AT DINNER it was just she and Hane. Hane was talking about Jesus again, the Historical Jesus, how everyone misunderstood Christ’s prophetic powers, how Jesus himself had been mistaken.

“Jesus thought the world was going to end,” said Hane, “but he was wrong. It wasn’t just Jerusalem. He was predicting the end for the whole world. Eschatologically, he got it wrong. He said it outright, but he was mistaken. The world kept right on.”

“Perhaps he meant it as a kind of symbol. You know, poetically, not literally.” Millie had heard Hane suggest this himself. They were his words she was speaking, one side of his own self-argument.

“No, he meant it literally,” Hane barked a little fiercely.

“Well, we all make mistakes,” said Millie. “Isn’t the world funny that way.” She always tried to listen to Hane. She knew that few students registered for his courses anymore, and those that did tended to be local fundamentalists, young ignorant people, said Hane, who had no use for history or metaphor. They might as well just chuck the Bible! In class Hane’s primary aim was reconciling religion with science and history, but these young “Pentecostalists,” as Hane referred to them, didn’t believe in science or history. “They’re mindless, some of these kids. And if you want your soul nourished — and they do, I think — you’ve got to have a mind.”

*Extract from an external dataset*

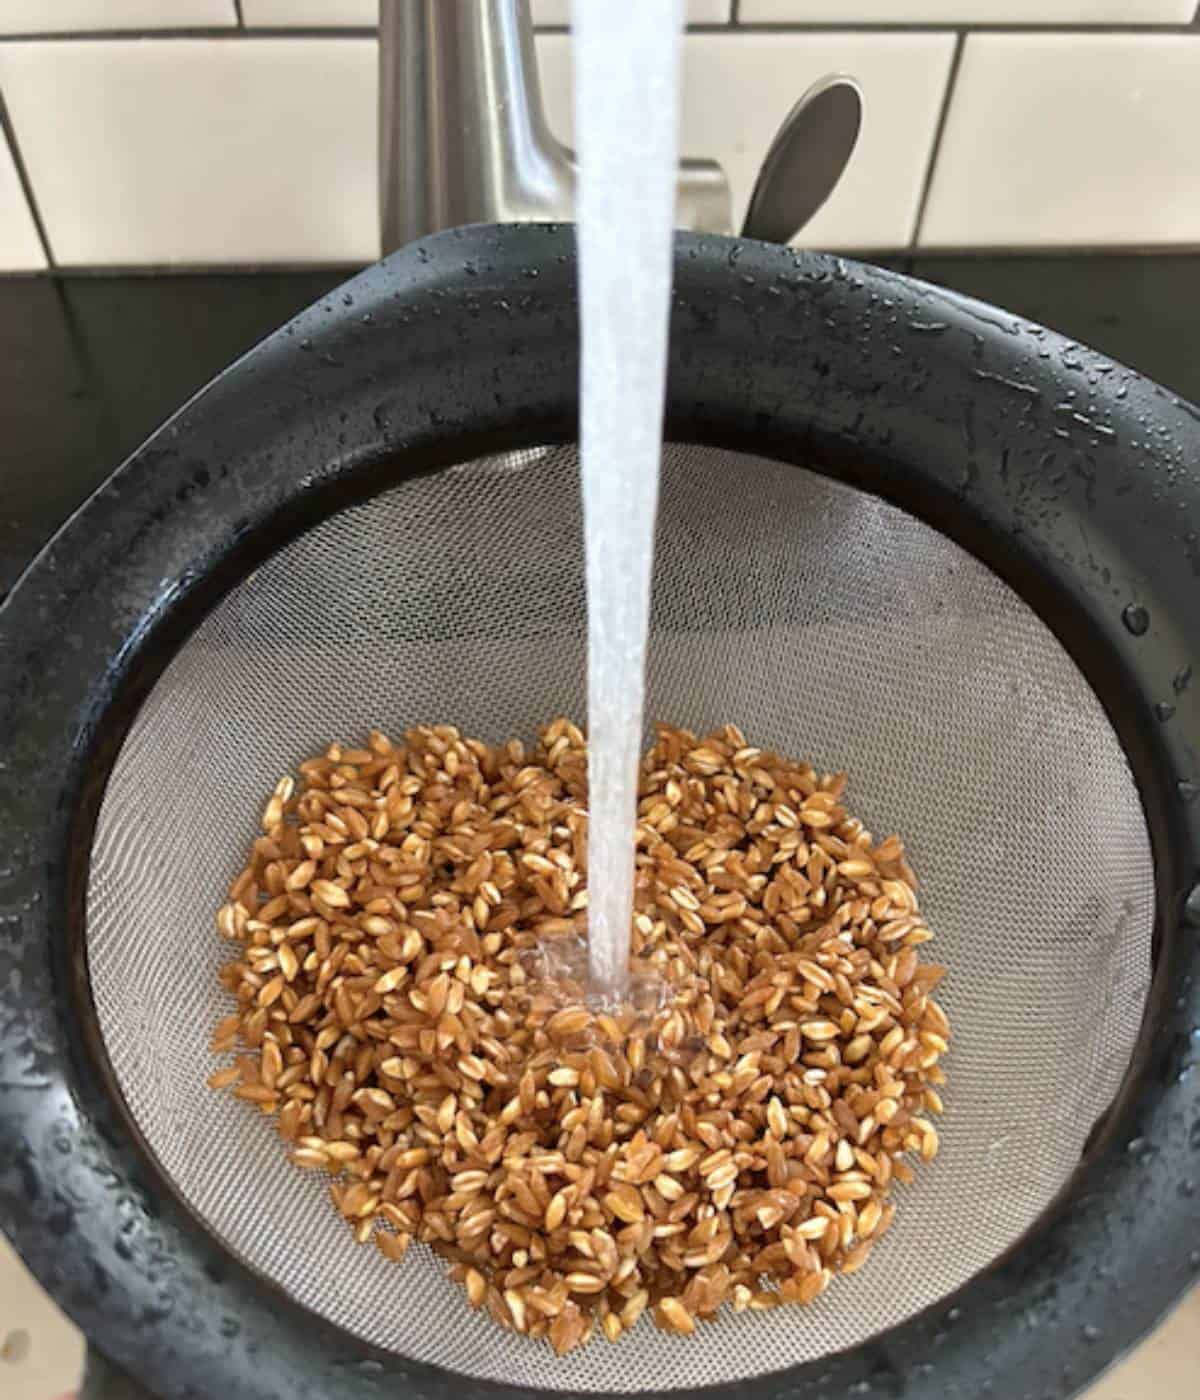 Farro in mesh strainer rinsing with water.

“Cleanliness is next to godliness,” said Millie.

“What are you talking about?” asked Hane. He looked depressed and impatient. There were times when he felt he had married a stupid woman, and it made him feel alone in the world.

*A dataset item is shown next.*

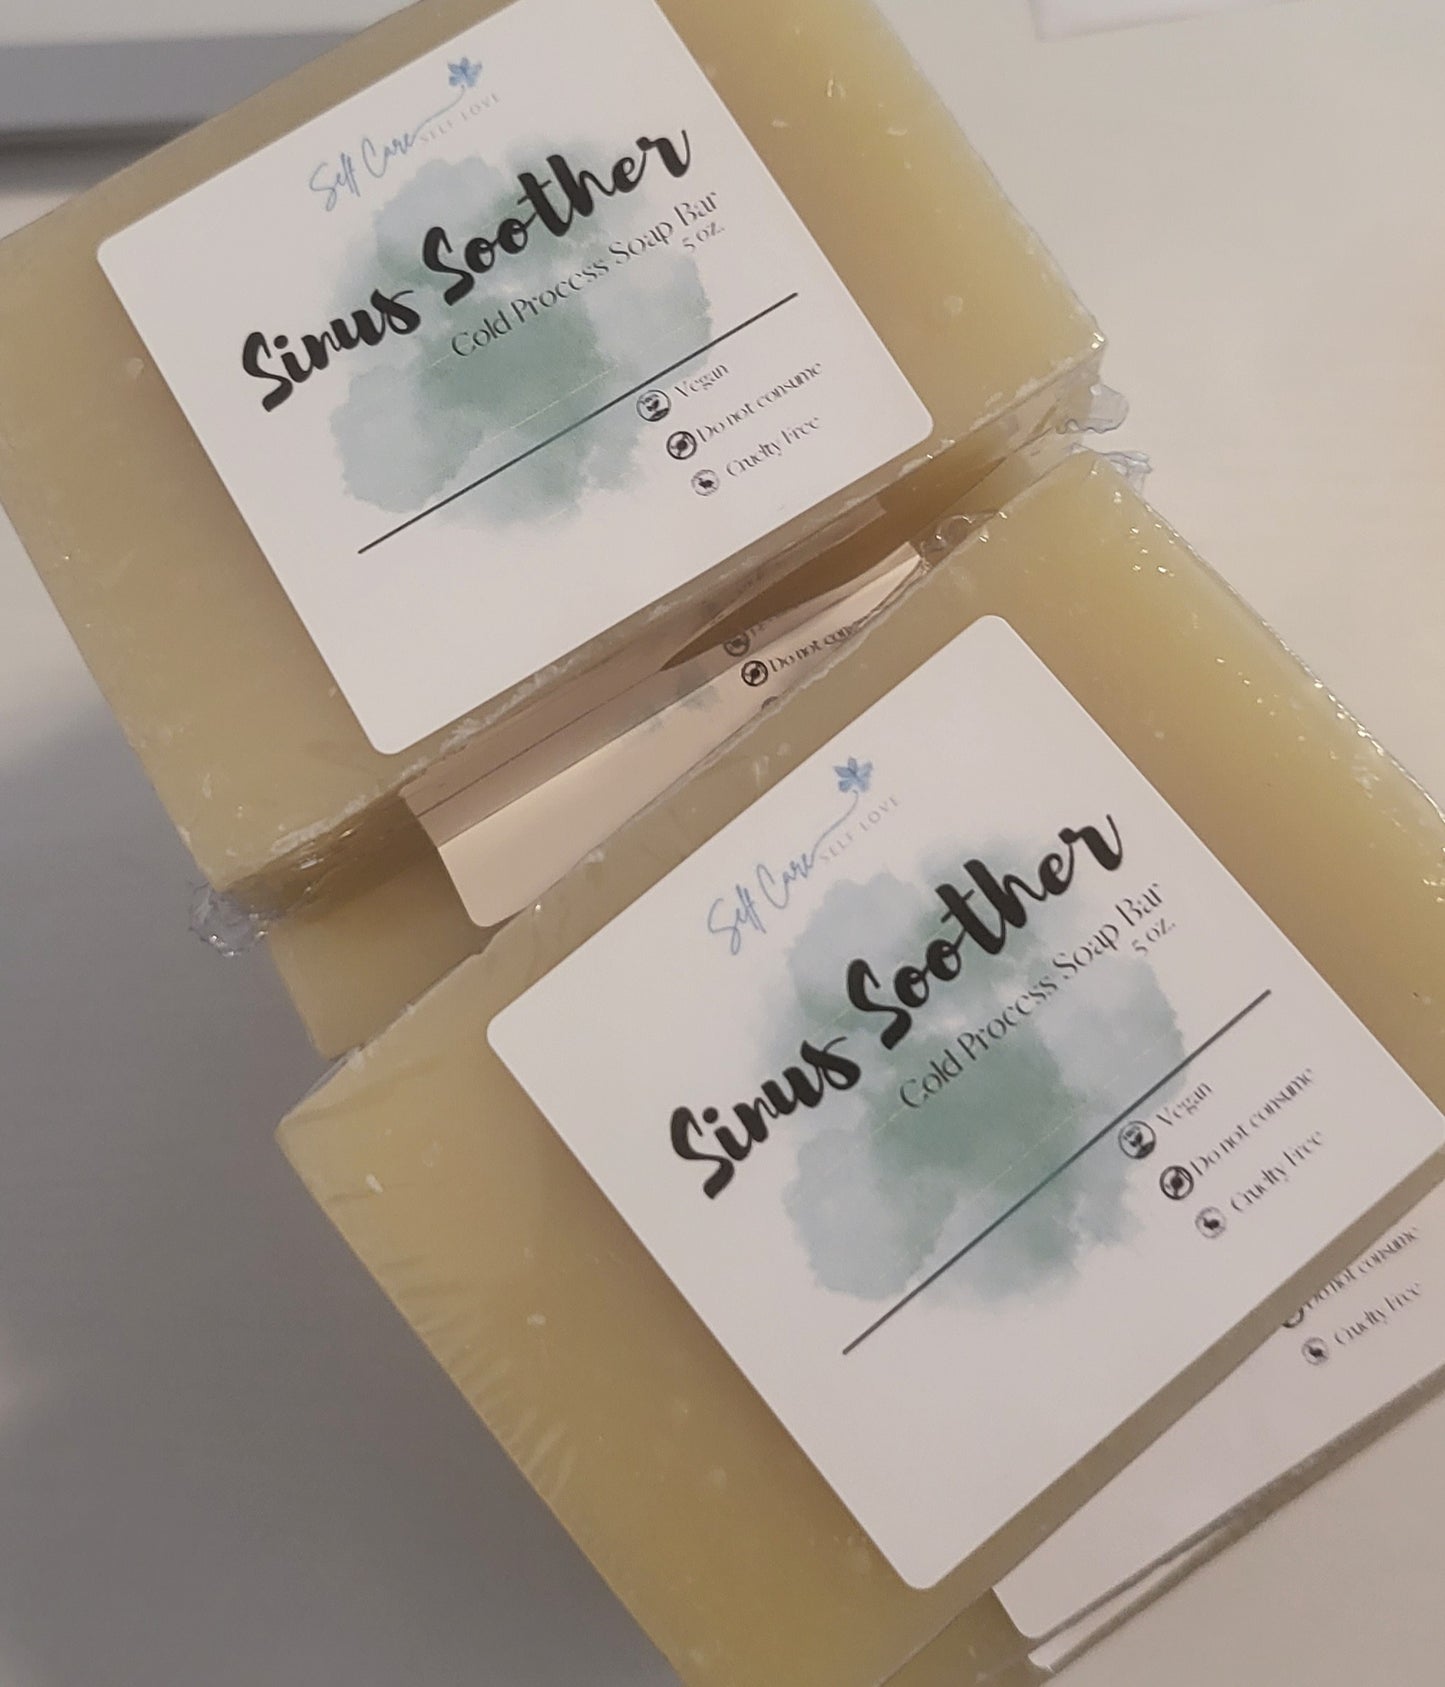 Sinus Soother Soap Bar

“I’ve been thinking about the garbage barge,” said Millie. “I guess my mind’s wandering around, just like that heap of trash.” She smiled. She had been listening to all the reports on the barge, had charted its course from Islip, where she had relatives, to Morehead City, where she had relatives. “Imagine,” she had said to her neighbor in their backyards, near the prize tulips that belonged to neither one of them. “Relatives in both places! Garbagey relatives!”

Millie wiped her mouth with her napkin. “It has nowhere to go,” she said now to her husband.

Hane served himself more leftovers. He thought of Millie and this interest of hers in ecology. It baffled and awed him, like a female thing. In the kitchen Millie kept an assortment of boxes for recycling household supplies. She had boxes marked Aluminum, Plastic, Dry Trash, Wet Trash, Garbage. She had twice told him the difference between garbage and trash, but the distinction never meant that much to him, and he always forgot it. Last night she had told him about swans in the park who were making their nests from old boots and plastic six-pack rings. “Laying their eggs in litter,” she’d said. Then she told him to be more fatherly toward John Spee, to take a friendly interest in the boy.

“Is this the end of the leftovers?” asked Hane. At his office at the college he ate very light lunches. Often he just brought a hard-boiled egg and sprinkled it carefully with salt, shaking the egg over the wastebasket if he got too much on by mistake.